Your goal:
Exact repetition of a range: find the line containing "Master Degree Admission" and the line containing "BBQ Butler Meat Injector" in the material below, then repeat both and all lines between them, leaving pictures out.

Records provided section start

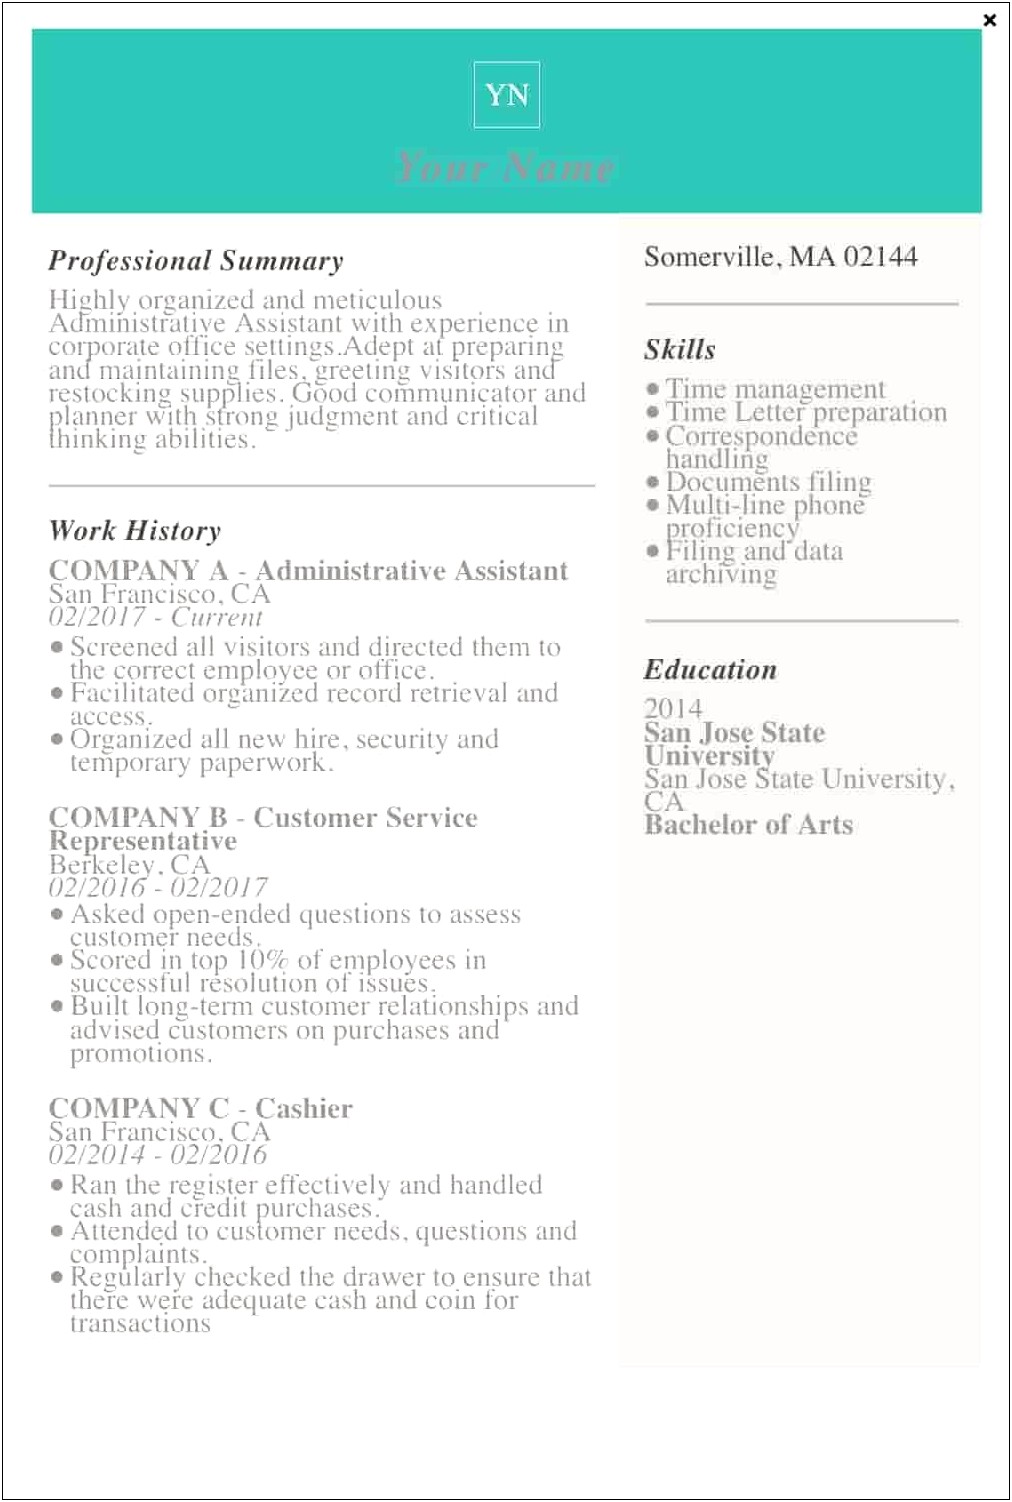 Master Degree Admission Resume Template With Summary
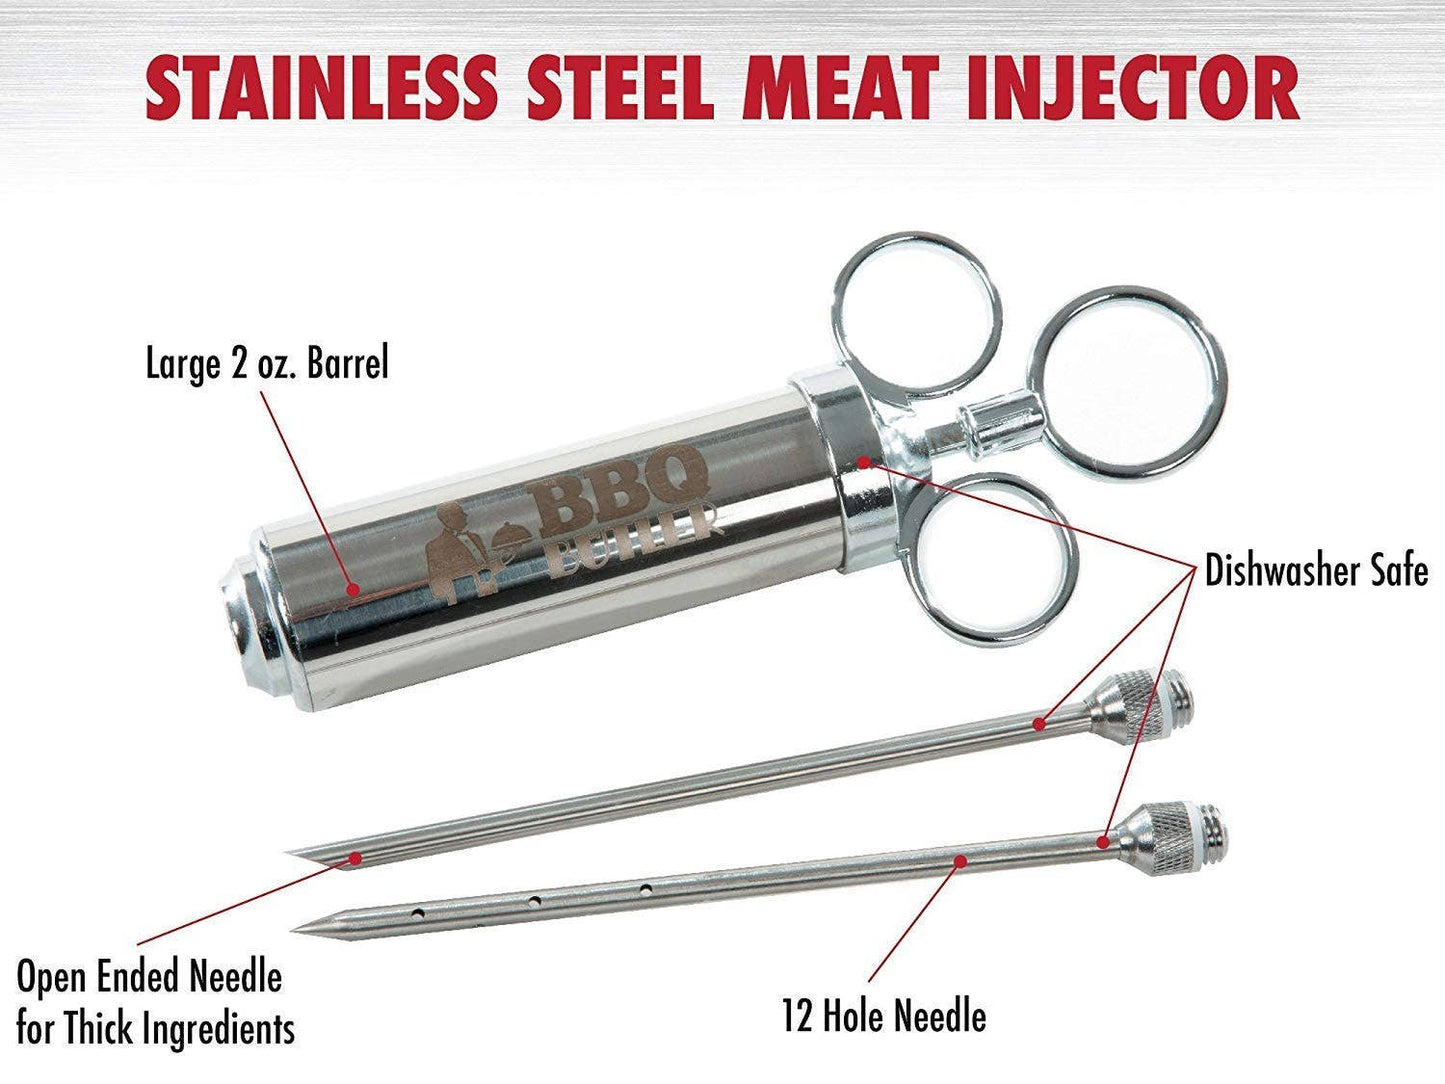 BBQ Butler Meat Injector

Records provided section end
Records provided section start

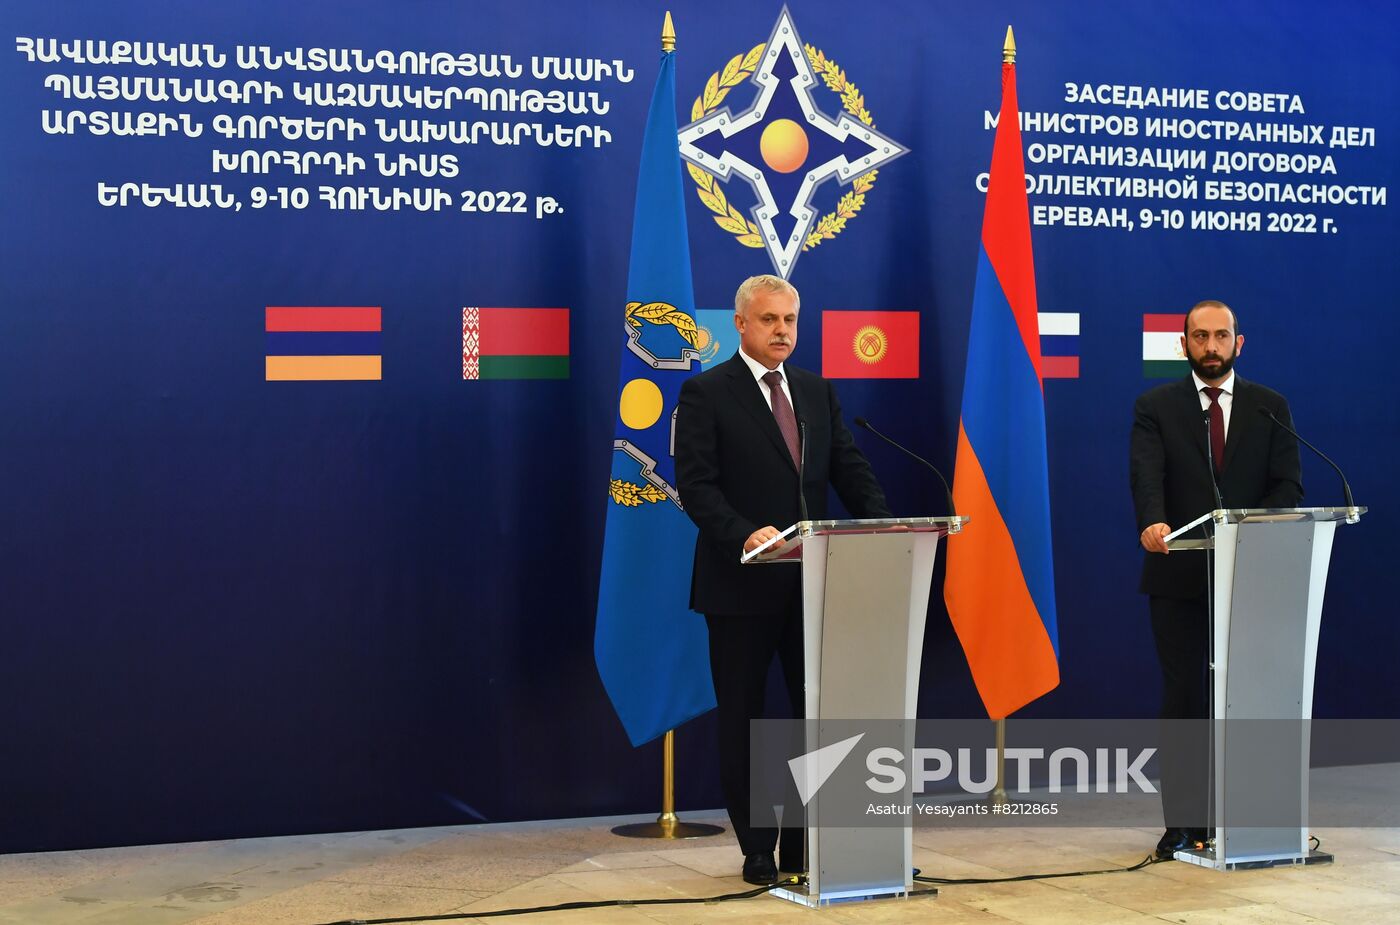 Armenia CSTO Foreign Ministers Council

Records provided section end

Response to the task:
 Master Degree Admission Resume Template With Summary
 BBQ Butler Meat Injector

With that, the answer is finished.